Question

For designing a voltmeter of range 50 V and an ammeter of range 10 mA using a galvanometer which has a coil of resistance 54Ω showing a full scale deflection for 1 mA as in figure.

(A) for voltmeter R ≈ 50 kΩ  
(B) for ammeter r ≈ 0.2Ω  
(C) for ammeter r ≈ 6Ω  
(D) for voltmeter R ≈ 5 kΩ (E) for voltmeter R ≈ 500Ω 
Choose the correct answer from the options given below :
 

• (A) and (C)
• (A) and (B)
• (C) and (D)
• (C) and (E)

Answer 1

The Correct Option is A

Understanding the Problem

We are given a galvanometer with a resistance of 54 Ω and a full-scale deflection current of 1 mA. We need to find the resistance R to convert it into a voltmeter reading 50 V, and the shunt resistance r to convert it into an ammeter reading 10 A.

Solution

For Voltmeter:

1. Current Through Voltmeter:

The current flowing through the voltmeter is given by \( I = \frac{V}{R + G} \), where \( G \) is the galvanometer resistance.

2. Substitute Values:

We are given \( V = 50 \, \text{V} \), \( G = 54 \, \Omega \), and \( I = 1 \, \text{mA} = 0.001 \, \text{A} \).

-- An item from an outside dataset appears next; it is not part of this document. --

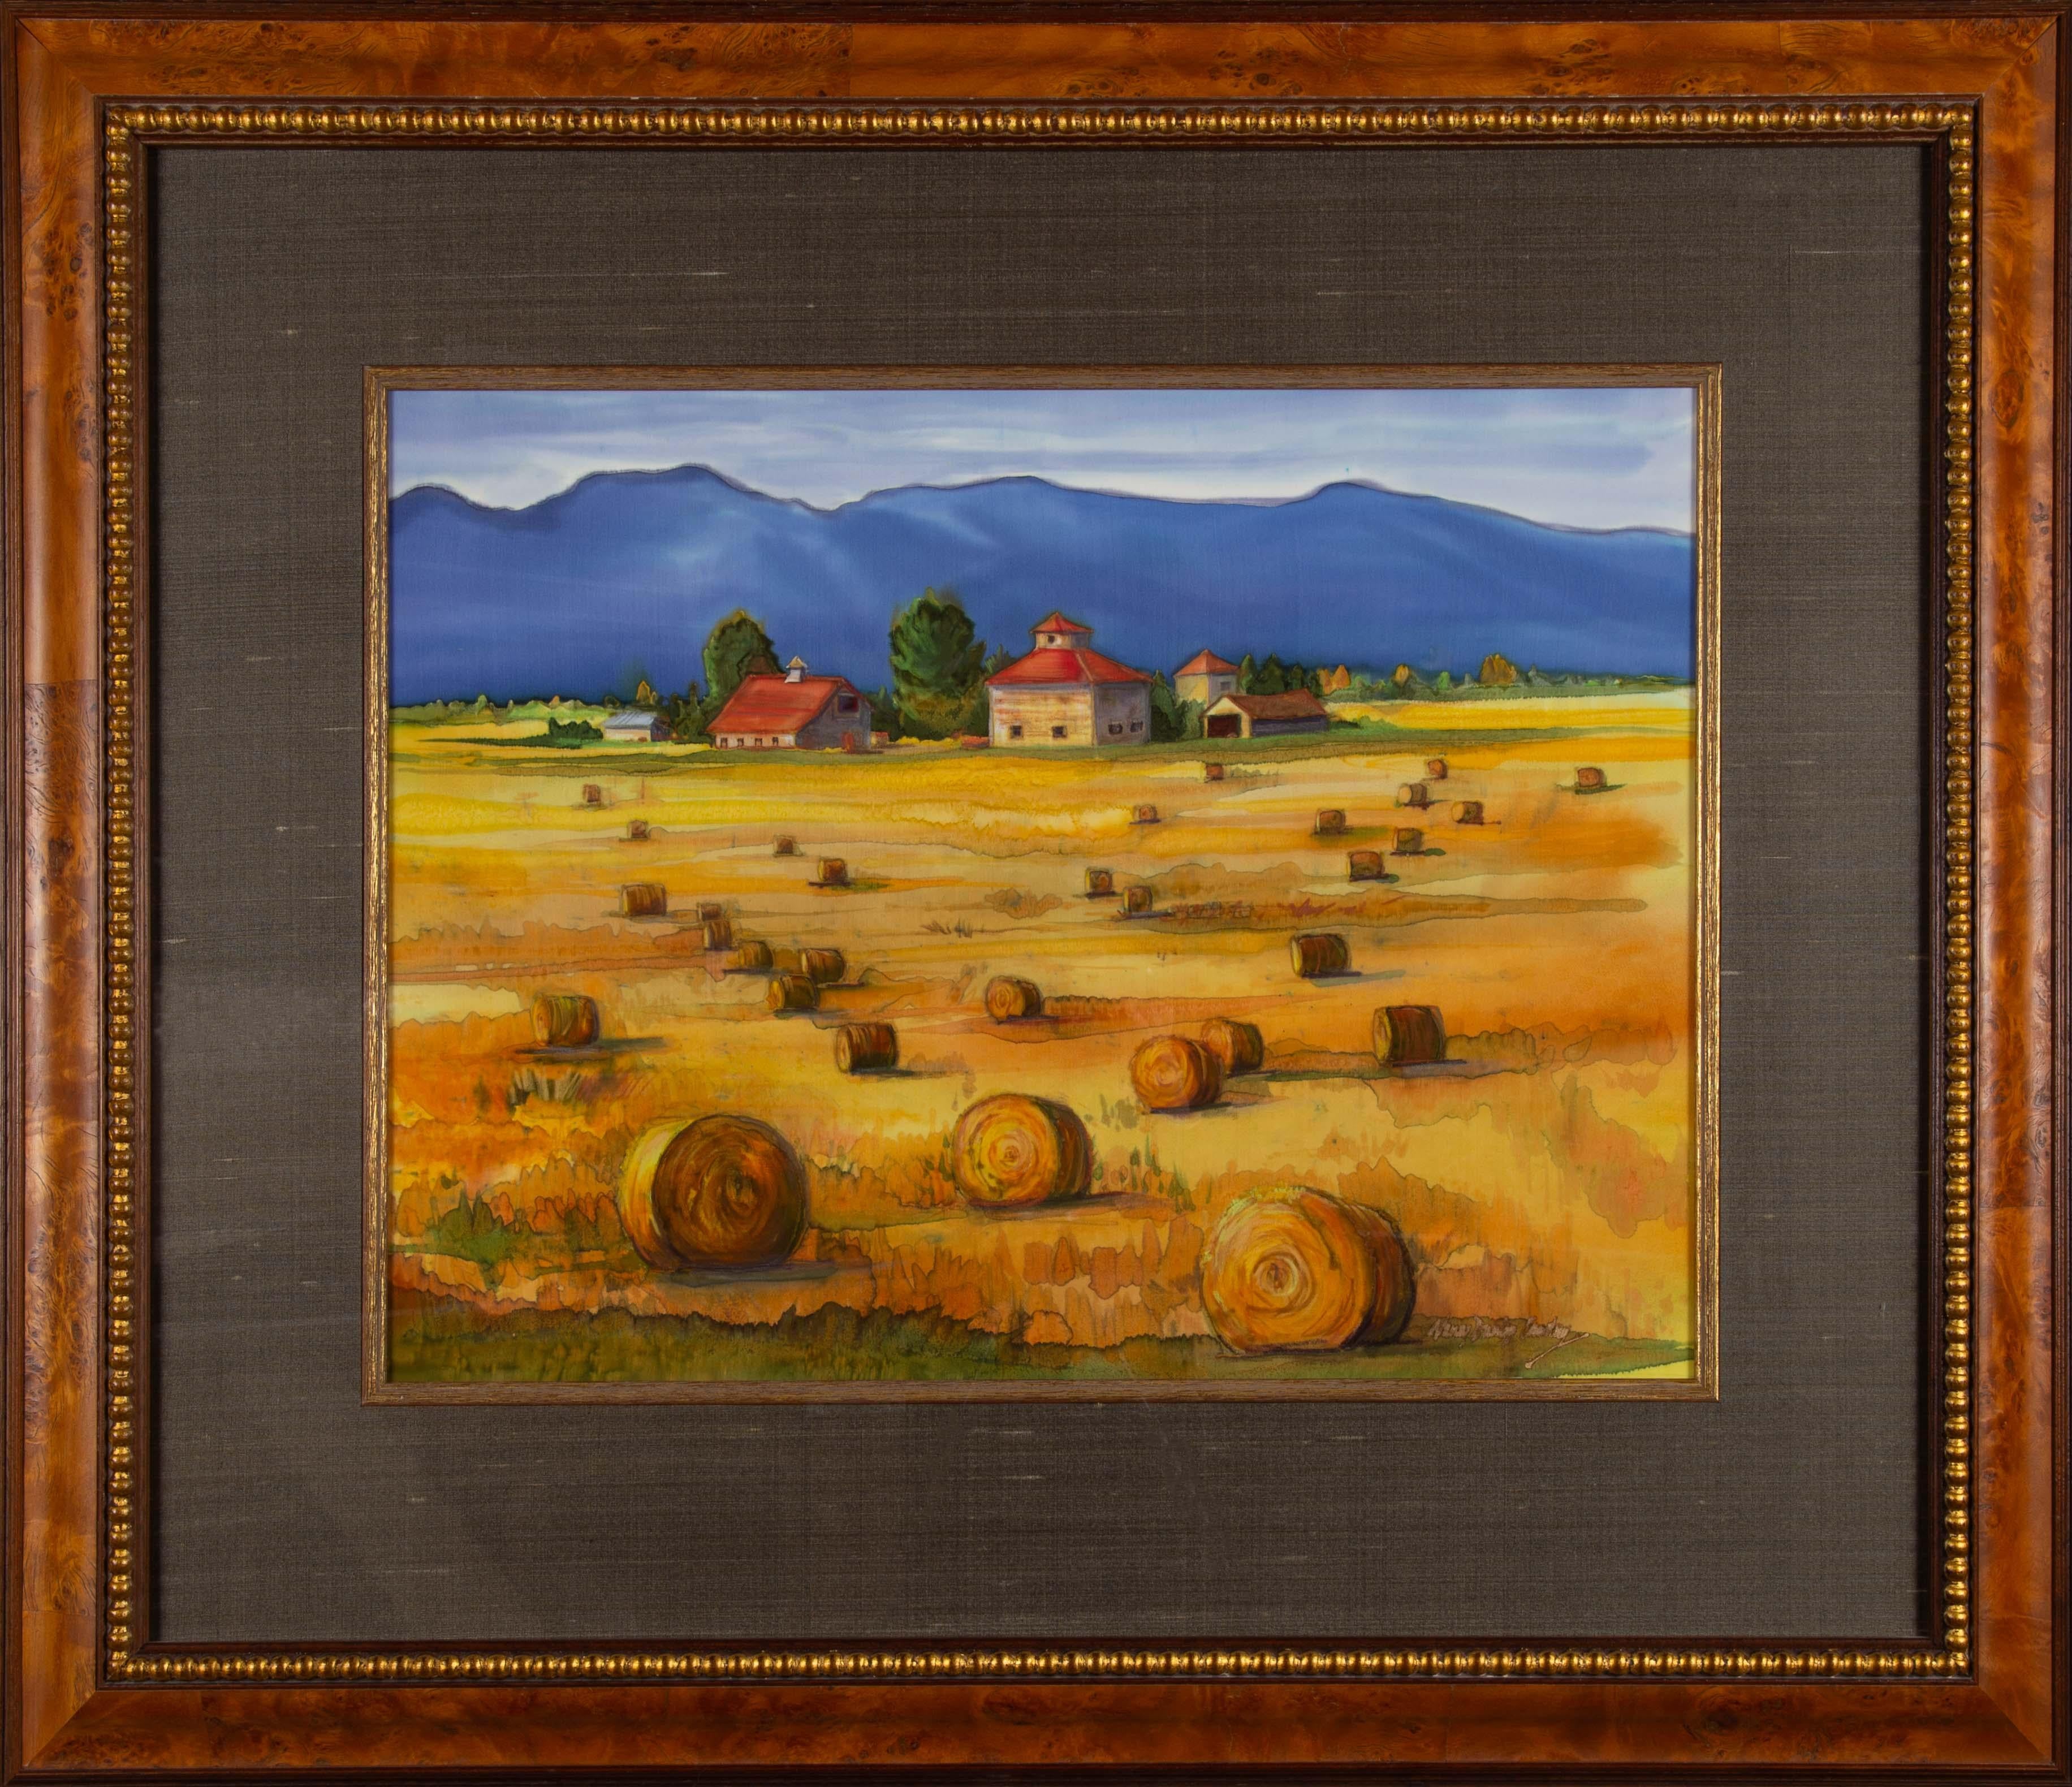 Landscape Painting Nancy Dunlop Cawdrey - Peinture de la vallée louée teintée à la ferme sur soie, paysage de l'art occidental

\( 0.001 = \frac{50}{R + 54} \)

3. Solve for R:

\( R + 54 = \frac{50}{0.001} = 50000 \)

\( R = 50000 - 54 = 49946 \, \Omega \)

\( R \approx 50 \, \text{k}\Omega \)

For Ammeter:

1. Shunt Current:

The total current is \( I = 10 \, \text{A} \). The galvanometer current is \( I_g = 1 \, \text{mA} = 0.001 \, \text{A} \). The shunt current is \( I_s = I - I_g \).

\( I_s = 10 - 0.001 \approx 10 \, \text{A} \)

2. Voltage Across Galvanometer and Shunt:

The voltage across the galvanometer and the shunt resistor is the same.

\( I_g G = I_s r \)

3. Substitute Values and Solve for r:

\( (0.001)(54) = (10) r \)

\( r = \frac{0.001 \times 54}{10} = 0.0054 \, \Omega \)

\( r = 5.4 \, \text{m}\Omega \)

Corrected Answers:

The resistance R is approximately \( 50 \, \text{k}\Omega \).

The shunt resistance r is approximately \( 5.4 \, \text{m}\Omega \).